The view from the “ivory tower” is that scholars make rational, expert decisions on what to publish, what to read and what to cite. In fact, the use of citation statistics to assess scholarly impact is to a large degree premised on the very notion that citation data represent an explicit, objective expression of impact by expert authors (Rubin 2010). Yet, scholarship is increasingly becoming an online process, and social media are becoming an increasingly important part of the online scholarly ecology. As a result, the citation behavior of scholars may be affected by their increasing use of social media. Practices and considerations that go beyond traditional notions of scholarly impact may thus influence what scholars cite.

Recent efforts have investigated the effect of the use of social media environments on scholarly practice. For example, some research has looked at how scientists use the microblogging platform Twitter during conferences by analyzing tweets containing conference hashtags (Letierce 2010, Weller 2011). Other research has explored the ways by which scholars use Twitter and related platforms to cite scientific articles (Priem 2010, Weller 2011a). More recent work has shown that Twitter article mentions predict future citations (Eysenbach 2011). This article falls within, and extends, these lines of research by examining the temporal relations between quantitative measures of readership, Twitter mentions, and subsequent citations for a cohort of scientific preprints.

We study how the scientific community and the public at large respond to a cohort of preprints that were submitted to the arXiv database (http://arxiv.org), a service managed by Cornell University Library, which has become the premier pre-print publishing platform in physics, computer science, astronomy, and related domains. We examine the relations between three types of responses to the submissions of this cohort of pre-prints, namely the number of Twitter posts (tweets) that specifically mention these pre-prints, downloads of these pre-prints from the arXiv.org web site, and the number of early citations that the 70 most Twitter-mentioned preprints in our cohort received after their submission. In each case, we measure total volume of responses, as well as the delay and span of their temporal distribution. We perform a comparative analysis of how these indicators are related to each other, both in magnitude and time.

Our results indicate that download and social media responses follow distinct temporal patterns. Moreover, we observe a statistically significant correlation between social media mentions and download and citation count. These results are highly relevant to recent investigations of scholarly impact based on social media data (Priem 2010a, Priem 2011) as well as to more traditional efforts to enhance the assessment of scholarly impact from usage data (Bollen 2009, Bollen 2008, Brody 2006, Kurtz 2010).

# Data and study overview

## Data collection

Our analysis is based on a corpus of 4,606 scientific articles submitted to the preprint database arXiv between October 4, 2010 and May 2, 2011. For each article in this cohort, we gathered information about their downloads from the arXiv server weekly download logs, their daily number of mentions on Twitter using a large-scale collection of Twitter data collected over that period, and their early citations in the scholarly record from Google Scholar. Table 1 summarizes the discussed data collection and Figure 1 provides an overview of the data collection timelines.

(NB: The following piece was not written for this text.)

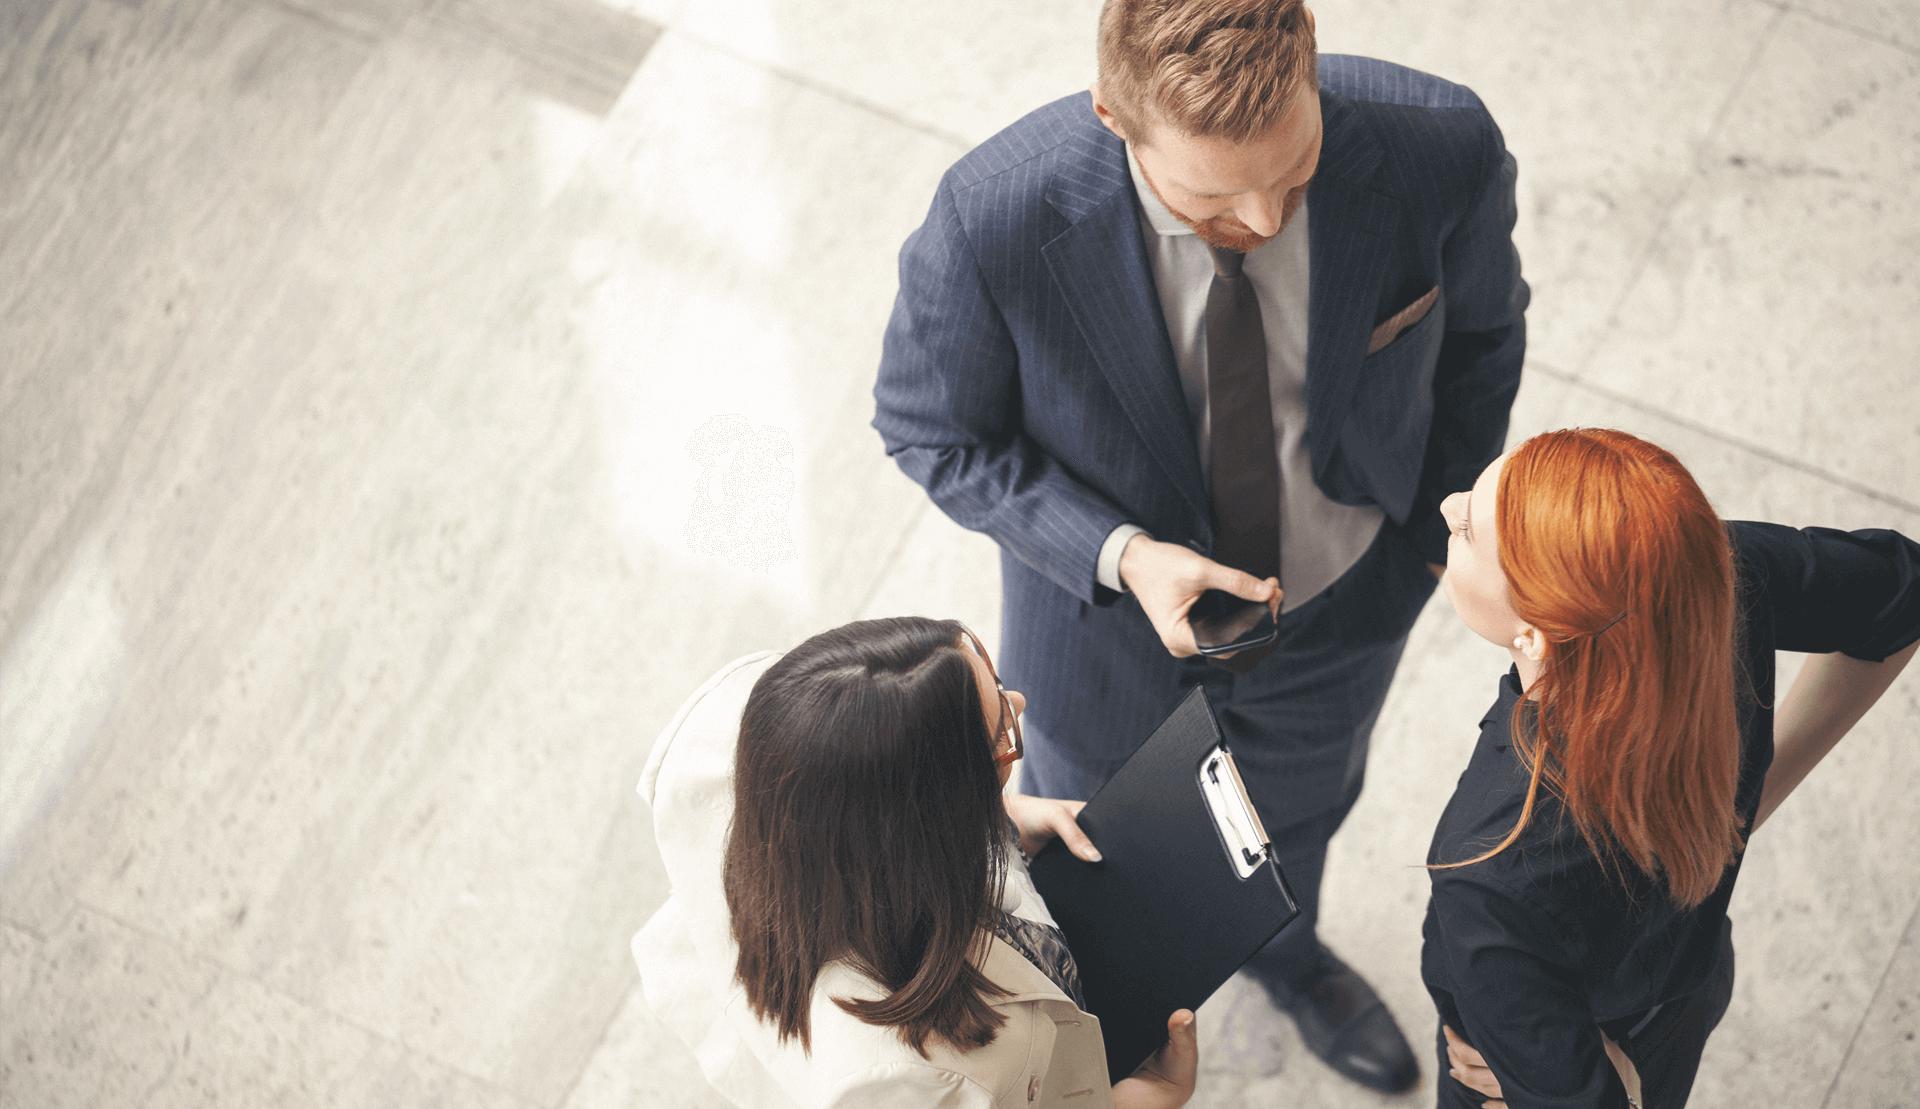 Intelligent Workforce Solution for Public Sector

The datasets employed in this study are:

• ArXiv downloads: For each article in the aforementioned cohort we retrieved their weekly download numbers from the arXiv logs for the period from October 4, 2010 to May 9, 2011. A total of 2,904,816 downloads were recorded for 4,606 articles.

• Twitter mentions: Our collection of tweets is based on the Gardenhose, a data feed that returns a randomly sampled 10% of all daily tweets. A Twitter mention of arXiv article was deemed to have occurred when a tweet contained an explicit or shortened link to an arXiv paper (see “Materials” appendix for more details). Between October 4, 2010 and May 9, 2011 we scanned 1,959,654,862 tweets in which 4,415 articles out of 4,606 in our cohort were mentioned at least once, i.e. approximately 95% of the cohort. Such a wide coverage of arXiv articles is mostly due to specialized bot accounts which post arXiv submissions daily. The volume of Twitter mentions of arXiv papers was very small compared to the total volume of tweets in period, with only 5,752 tweets containing mentions of papers in the arXiv corpus. We found that 2,800 out of 5,752 tweets are from non-bot accounts. After filtering out all tweets posted by bot accounts, we retain 1,710 arXiv articles out of 4,415 that are mentioned on Twitter by non-bot accounts. Including or excluding bot mentions, the distribution of number of tweets over all papers was very skewed; most papers were mentioned only once, but one paper in the corpus was mentioned as much as 113 times.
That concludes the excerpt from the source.